Under this new evaluation system, usually conducted by Germany’s Institute for Quality and Efficiency in Healthcare (IQWiG)
under the directions of the Federal Joint Committee (G-BA), drugs are rated on their added therapeutic benefit using a six-stage
scale ranging from “considerable added therapeutic benefit” to “no added benefit.” If the drug is deemed to show some benefit,
then pricing negotiations take place between the pharmaceutical company and state health insurers. A drug rated as having
shown no added benefit will be assigned a price under Germany’s reference pricing system, which could result in the drug being
grouped with an old product and warranting a low price. Not only would this drive down revenue for the company, but also has
implications for prices in European countries because many member states use Germany in their pricing analyses.
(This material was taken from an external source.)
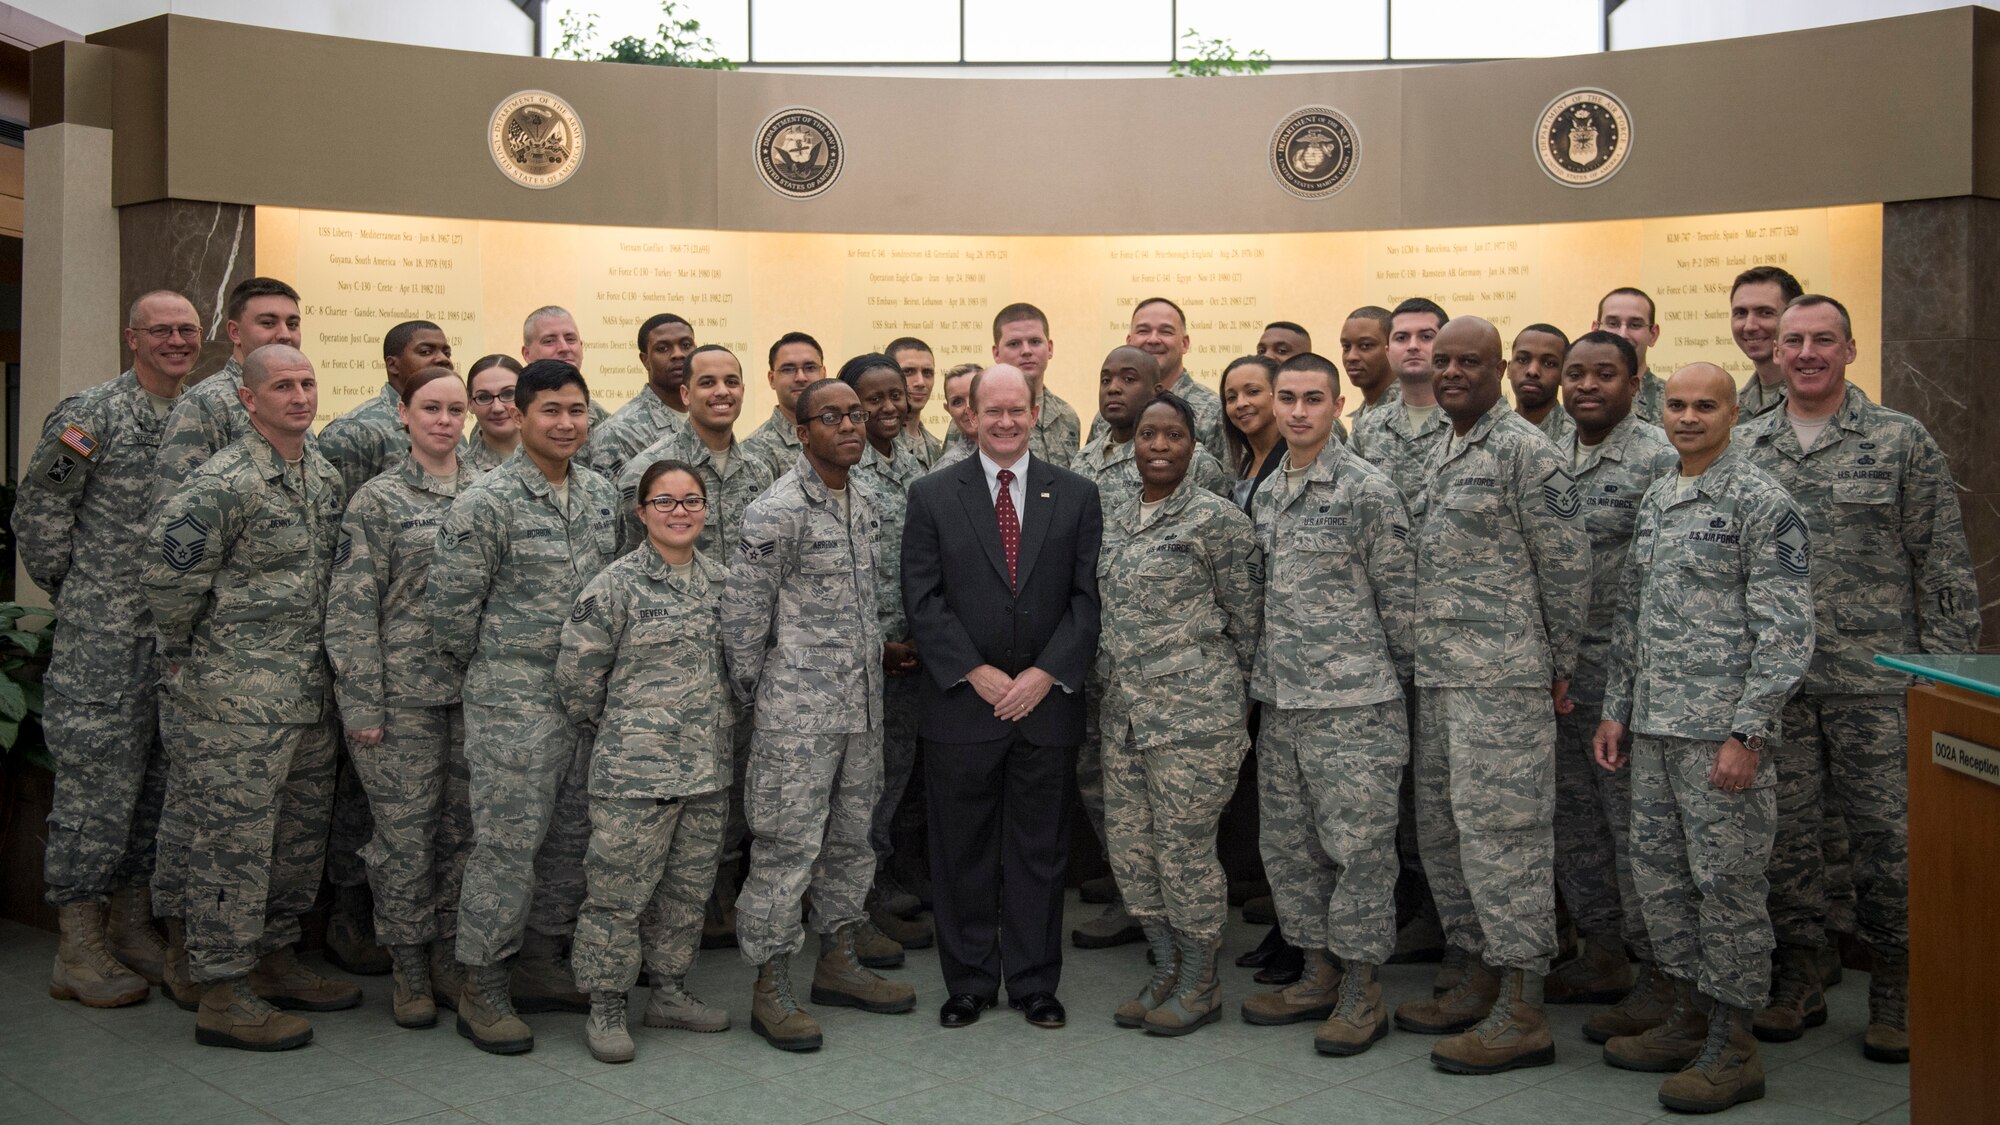 Sen. Chris Coons of Delaware poses for a group photo with Airmen from Air Force Mortuary Affairs Operations Feb. 9, 2015, during a visit to Dover Air Force Base, Del. The senator and his staff met with Airmen to learn more about operations at the Department of Defense’s sole port mortuary. (U.S. Air Force photo by Capt. Ray Geoffroy)

This year has been the first full year to have the system up and running—approximately 30 drugs have been assessed. The pharmaceutical
industry was critical of the system when it was first outlined and some of the decisions made to date have only added to frustrations.
Comparator controversy
The use of comparators to demonstrate the benefits of a drug has been a particular point of contention, with several companies
falling foul of IQWiG and G-BA’s views, despite having satisfied the European Medicines Agency (EMA) for regulatory approval.
Boehringer Ingelheim and its partner Eli Lilly have experienced similar issues with their diabetes treatment Trajenta (linagliptin).
Despite gaining EU regulatory approval in August 2011, the G-BA decided that no added therapeutic benefit could be inferred
from the Trajenta dossier they received, because the manufacturer had chosen a different comparator therapy to the one they
specified. Based on the G-BA’s position in the subsequent negotiations held between the parties, the companies responded angrily
and decided not to launch Trajenta in Germany because of the country’s pricing policy. However, since then Boehringer Ingelheim
appears to have altered its position. In August 2012, the G-BA agreed an application from the company to submit a new dossier.
Boehringer Ingelheim now has three months in which to submit the new information.